Farm Visit: Briarwood Cattle Farm, LLC & Briarwood Custom Meats Butcher Shop

In the rolling fields of North Carolina, where cattle graze under open skies and community remains at the heart of every decision, farmer and veteran Marvin Frink has built something extraordinary, a blueprint for resilience and food sovereignty.

Frink’s journey began with a vision: to establish his own slaughterhouse, a full-circle operation that would keep local food production and profits in the hands of small farmers. When that dream appeared financially out of reach, he did what many great farmers do: he pivoted. Today, Briarwood Custom Meats stands as a model of adaptation, innovation, and deep-rooted community care.

Rather than abandon the idea of full-scale processing, Frink developed a mini processing facility that bridges the gap between slaughter and retail. He sends his cattle to Piedmont Custom Meats for slaughter, receives the carcasses whole, and transforms them into a full suite of beef products. His offerings range from classic cuts to culturally significant selections like oxtail, cow liver, and beef fat.

“We sell our products via culture,” Frink explains, describing how his shop caters to the unique culinary traditions of his community, which include Caribbean cow foot soups to ancestral recipes calling for the most overlooked parts of the animal. His approach is not just about selling meat; it’s about honoring heritage and meeting people where they are.

Frink’s commitment to zero waste runs deep. Every carcass that returns from the slaughterhouse is used to its fullest potential. He and his wife, Tanisha, have developed an array of value-added products like chow chow, pickles, hot sauces, spice blends, all created in-house, each representing ingenuity and resourcefulness.

One of his most meaningful innovations is the “Cowboy Blend,” or what he also calls the “Ancestral Blend.” This ground beef mix incorporates nutrient-rich organs like heart and liver, allowing customers to benefit from their high protein and mineral content while enjoying the familiar flavor of ground beef. It’s a blend born of both health awareness and reverence for the animal’s life.

“Seeing a calf born, hit the ground, and then go to slaughter — that’s very emotional for me,” Frink says. “That’s why it’s important to use every part of the animal.”

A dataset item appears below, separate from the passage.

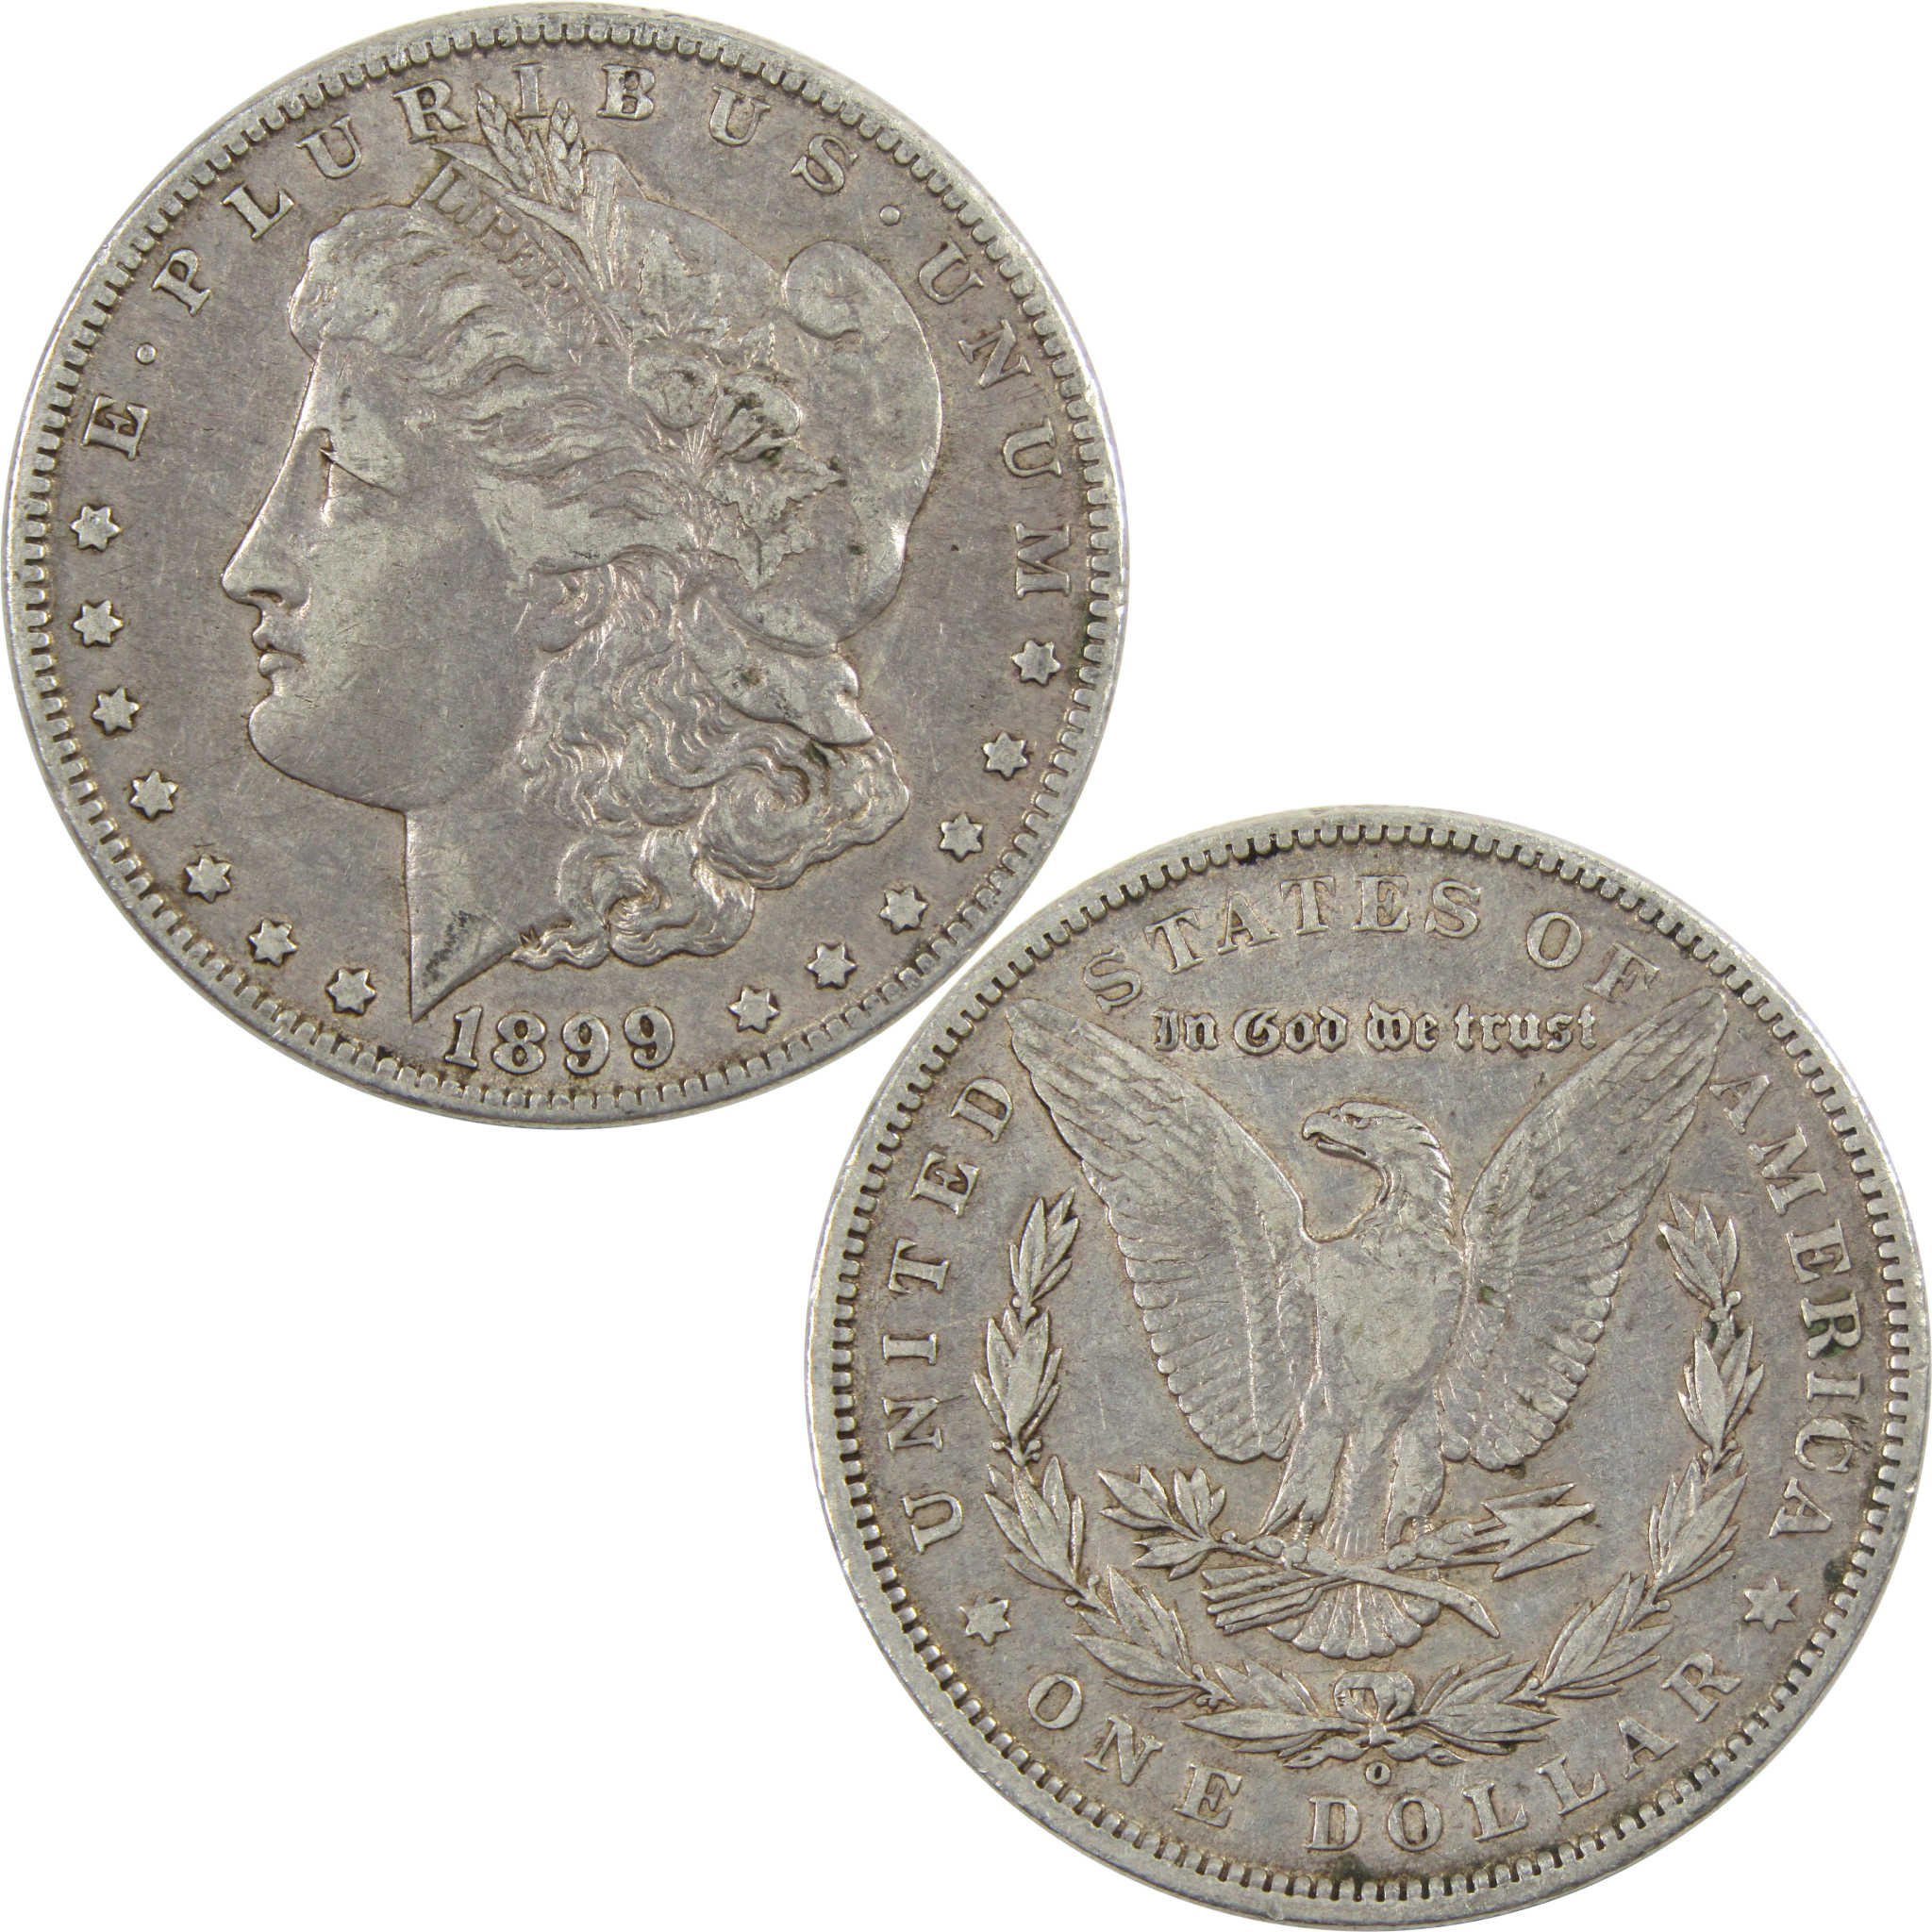 1899 O Micro O Morgan Dollar VF Very Fine 90% Silver $1 Coin SKU:I5942 - Morgan coin - Morgan silver dollar - Morgan silver dollar for sale - Profile Coins &amp; Collectibles

This philosophy of stewardship, education, and community extends well beyond the butcher’s counter. Briarwood is designed to sustain its neighbors even when systems fail. The facility runs on dual 400-amp generators, ensuring that in the event of power loss, Frink can still refrigerate, grind, and smoke meat to keep food accessible to his community.

Rather than turning byproducts like beef fat into high-priced tallow, Frink sells it unprocessed at the low cost of $5 per pound and encourages customers to learn how to render and use it themselves. Whether it becomes cooking oil, soap, or balm, he’s helping people reclaim skills and self-sufficiency that modern food systems have eroded.

Up next for Briarwood is a new expansion: a shipping crate-turned-concession stand, surrounded by picnic tables, that will serve affordable meals made from butcher scraps and unsold inventory. It’s a simple yet powerful idea: transform potential waste into nourishment. The stand will feed not only customers but also homeschool groups and visitors attending farm workshops, deepening Briarwood’s role as a community food hub.

“We’re creating a hub area where we can feed our local community,” Frink says with quiet conviction.

In every decision, Marvin Frink is redefining what local meat production can look like when it’s rooted in culture, responsibility, and awareness. His work is a reminder that the future of food access and rural resilience depends not on massive infrastructure or distant corporations, but instead on farmers and community members who see the whole picture, and who are willing to build the bridge between farm, family, and food security.

As policymakers and agricultural institutions look toward solutions for a fractured food system, they would do well to look to Briarwood, where community is the model, and waste has no place.